1) As ideologias particulares são definidas como falsificações, disfarces ou ilusões individuais,


racionalizações de situações que ameaçam os interesses do indivíduo e que operam num nível
psicológico.

2) A ideologia total refere-se ao pensamento de uma classe social ou de uma época, portanto,
a um “estilo de pensamento”, uma Weltanschauung, na qual o indivíduo participa com certos
fragmentos, mas cuja totalidade noológica transcende claramente a mera soma de
experiências individuais. Ambas as concepções de ideologia consideram as “ideias” como uma
função de quem as defende e da sua posição no meio social, mas divergem em três aspectos
fundamentais: a concepção particular de ideologia designa como ideologias uma parte dos
enunciados do opositor (1), realiza as suas análises ao nível puramente psicológico (2) e opera
principalmente com uma psicologia dos interesses (3), enquanto a concepção total de
ideologia põe em questão a visão total do mundo do opositor, tentando compreender os
conceitos derivados da vida colectiva partilhada pelo opositor (1), realiza as suas análises ao
nível “noológico” de modos de experiência e de interpretação amplamente diferentes e de
sistemas de pensamento fundamentalmente divergentes (2), e opera com uma análise mais
formal, sem quaisquer referências a motivações, limitando-se a descrever objectivamente as
diferenças estruturais das mentes que operam em contextos sociais diferentes (3).

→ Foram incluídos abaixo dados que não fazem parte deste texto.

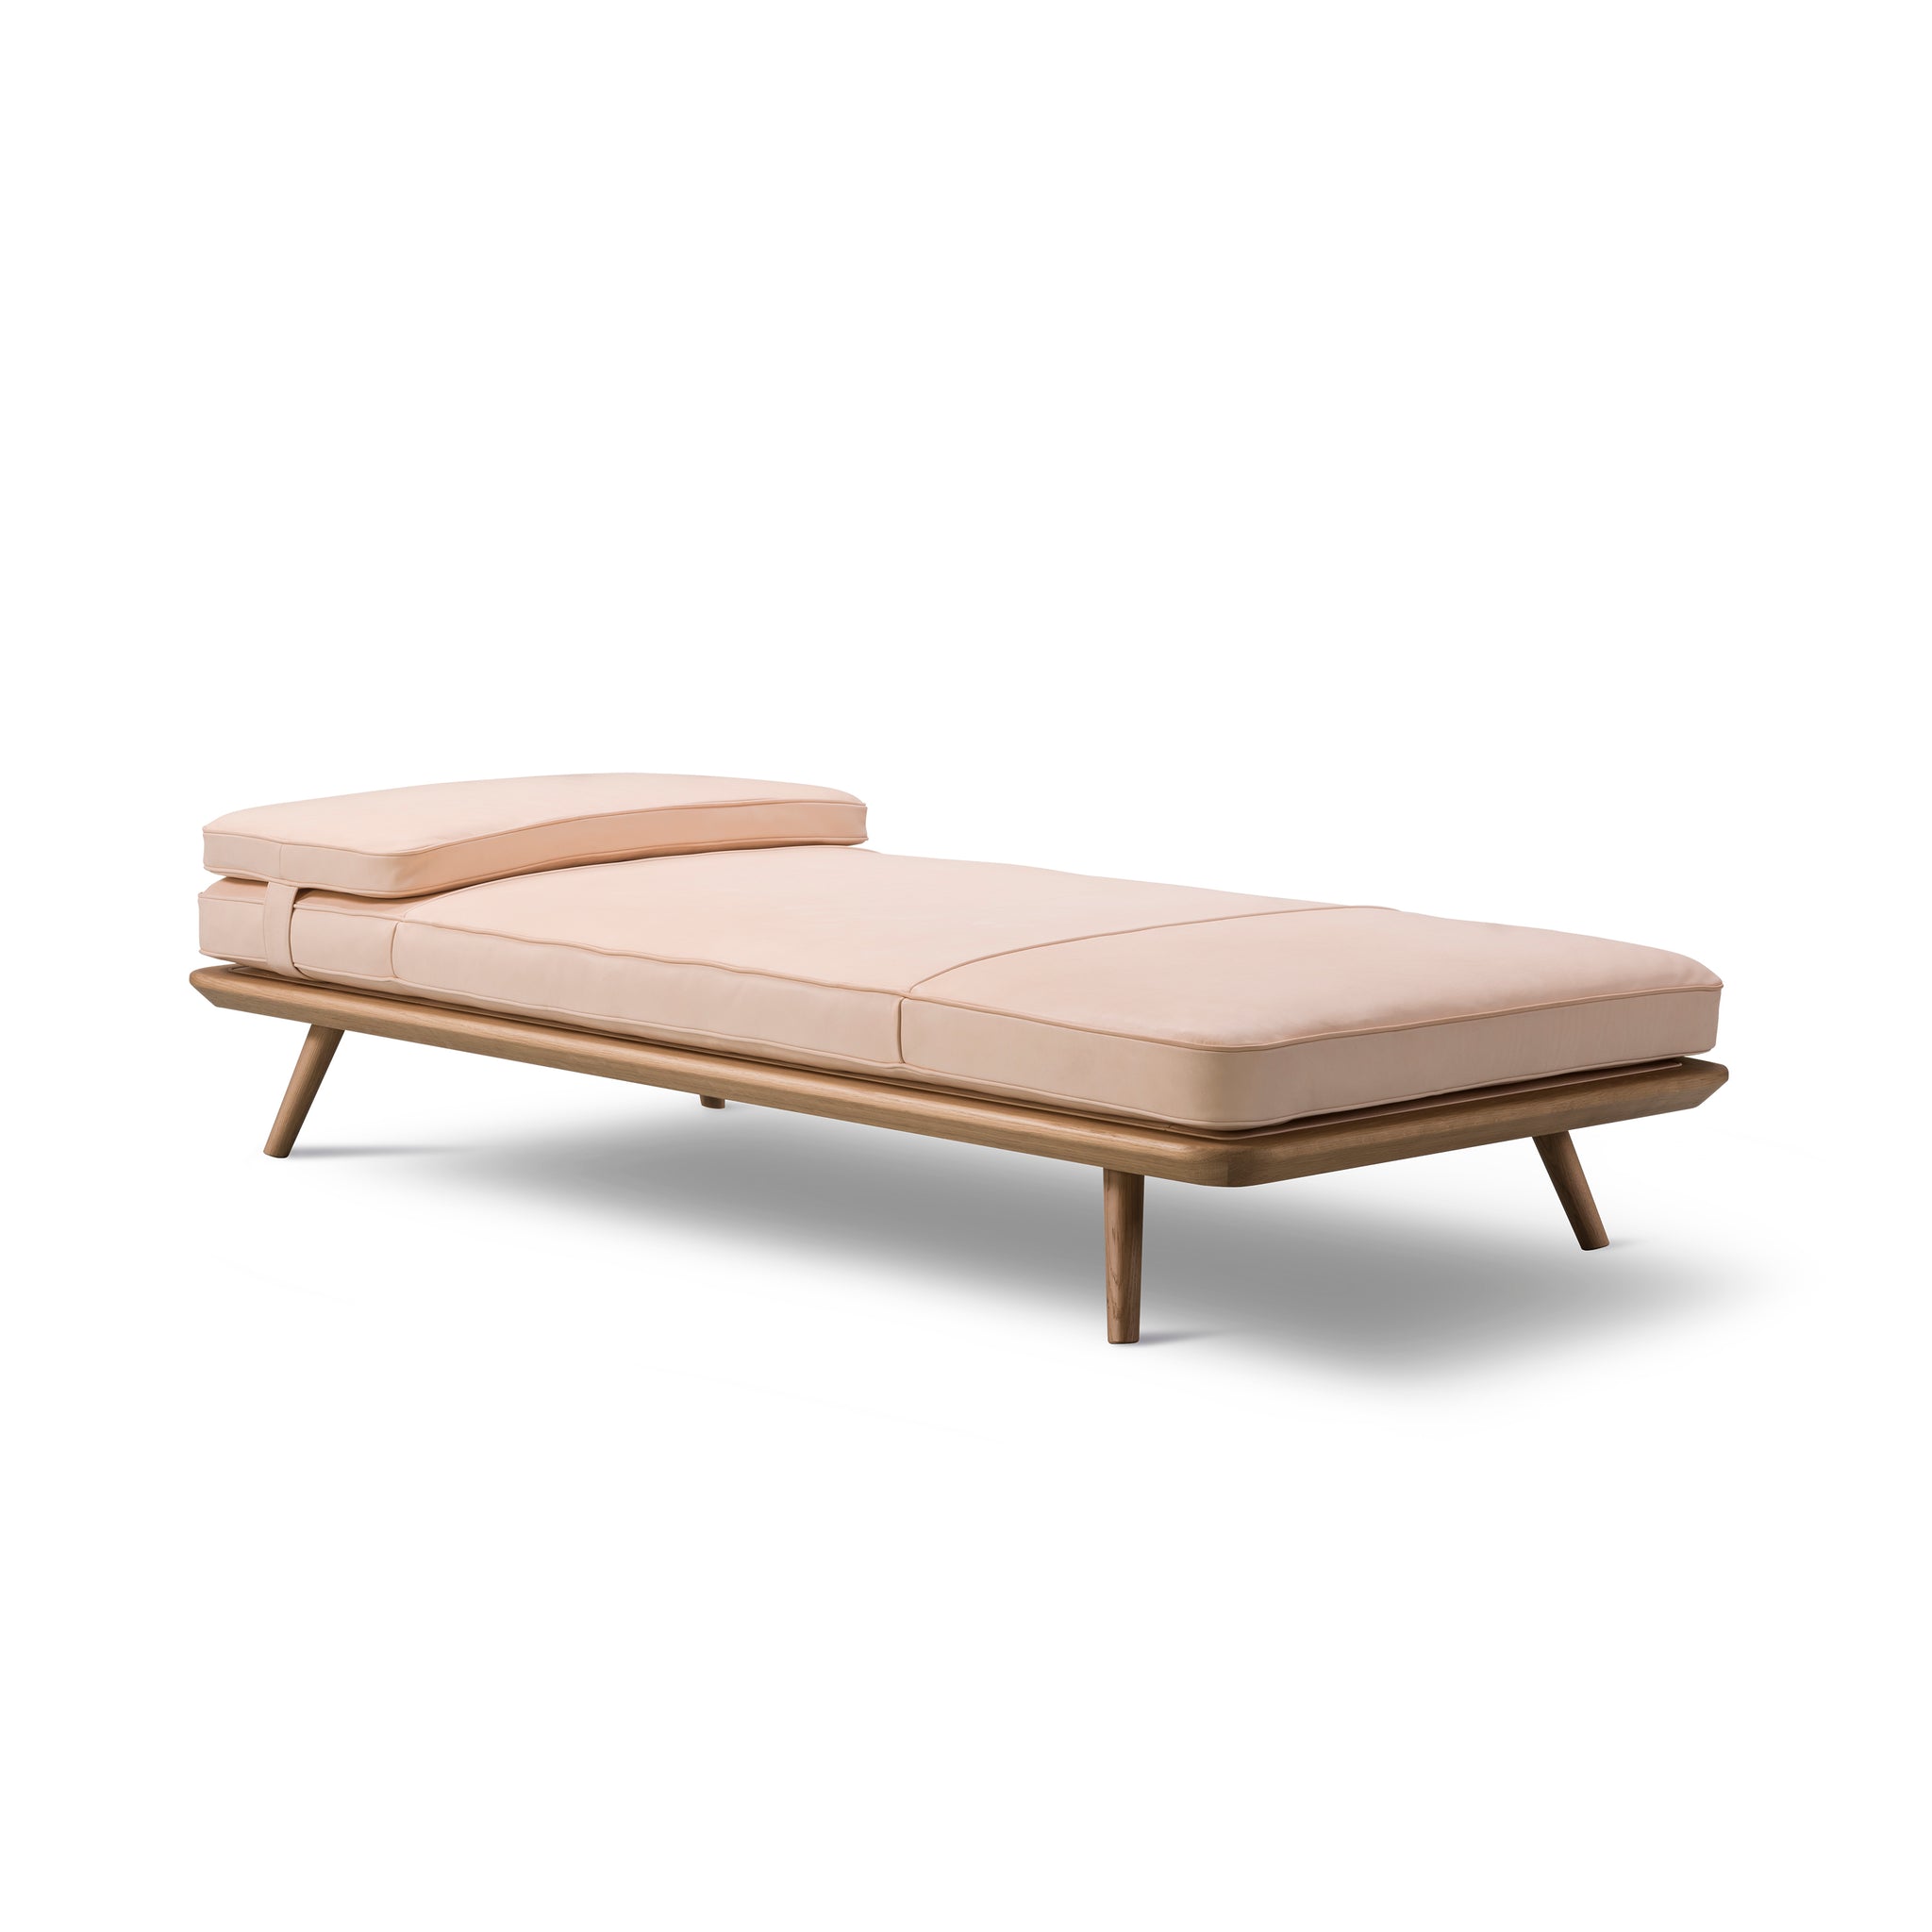 Spine Daybed
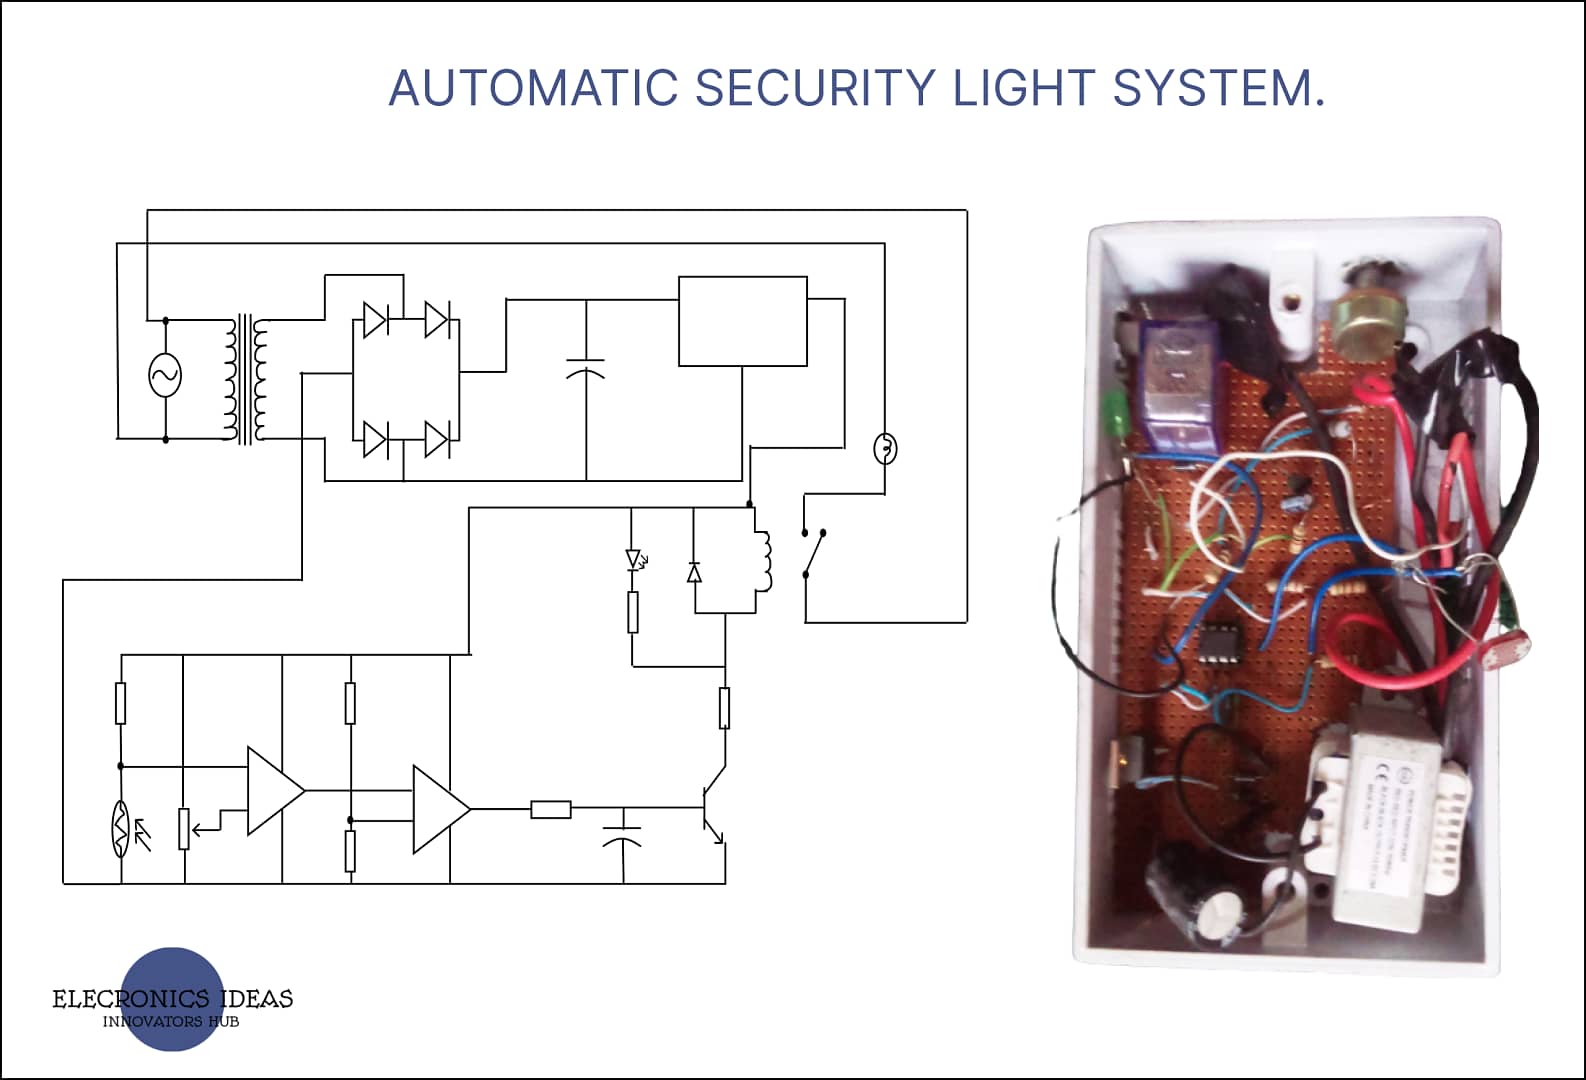 Automatic security light system

Mannheim acusa Marx de ter fundido estes dois significados da ideologia, para a converter
numa “arma política”, capaz de ser usada pelos pensadores marxistas para desacreditar o
pensamento burguês pela recondução aos seus fundamentos ideológicos. Ora, segundo
Mannheim, a sociologia do conhecimento tem por função expurgar a ideologia das suas
conotações políticas, concentrando-se no conhecimento, no grupo e no estilo de pensamento.
Contudo, quando define um estilo de pensamento como a expressão intelectual de um
determinado grupo, fica irremediavelmente prisioneira do relativismo. Mannheim tenta
escapar ao cepticismo fazendo uma distinção entre “relacionismo” (a relação do pensador, a
sua posição social e o conhecimento apresentado) e “relativismo” (a crença de que a verdade
objectiva é impossível), a partir da qual afirma que nem todos os conhecimentos ou
“perspectivas” são igualmente válidos.